Текущая страница: 6 (всего у книги 8 страниц)
– Нет, не нужно. А когда он будет, не подскажете?
– Его сегодня в офисе уже не будет. Он из дома работает. Тут у нас сегодня… шумно.
Воскресенский вздохнул. В трубке действительно слышался металлический лязг непонятного происхождения. Куда теперь девать чёртовы бумажки? Отдать вечером Максу?
– Он далеко от офиса живёт? Это Воскресенский, фотограф. Мне нужно ему документы передать.
– Нет, на машине минут десять. – И снова крик: – Найдём другую типографию! Пусть катятся к… Простите. Что вы спросили?

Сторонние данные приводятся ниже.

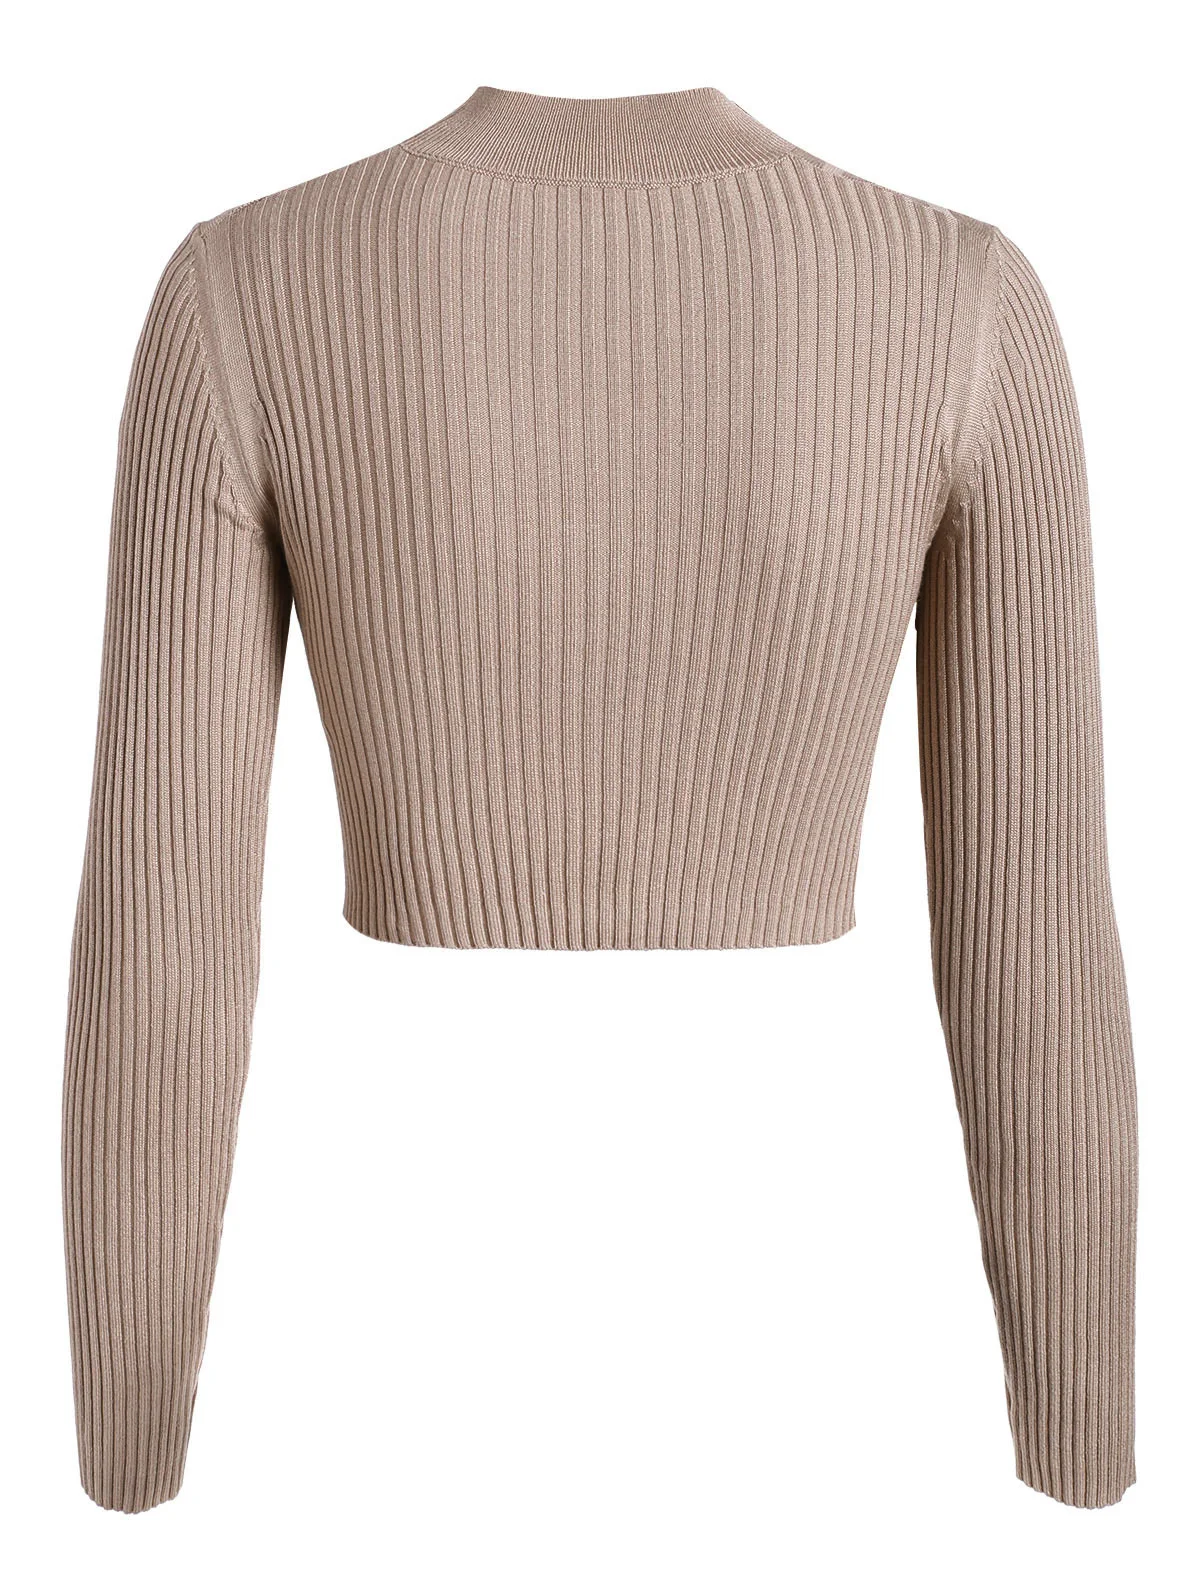 ZAFUL женский укороченный пуловер с перекрещивающимися крест-накрест, свитер, водолазка с глубоким v-образным вырезом и вырезами, топы с длинным рукавом, короткий однотонный пуловер

– Я спросил, какой адрес у Гартмана.
– Мира пять, а квартира… Свет, какая у Стаса квартира? Да знаю, что двухкомнатная. Номер какой?
Ви знал, какой номер она назовёт. Он мог бы не дожидаться ответа, он уже знал. Его почему-то бросило в жар.
– Квартира сто сорок пять.
Может быть, какая-то ошибка? Две бешеные тётки могли перепутать, поэтому он уточнил:
– Точно? У Максима Ларионова такой же адрес.
– Так он же с ним живёт, – бросила женщина, тут же переключившись на невидимую Свету: – Нет, не та бумага, эта отложена для…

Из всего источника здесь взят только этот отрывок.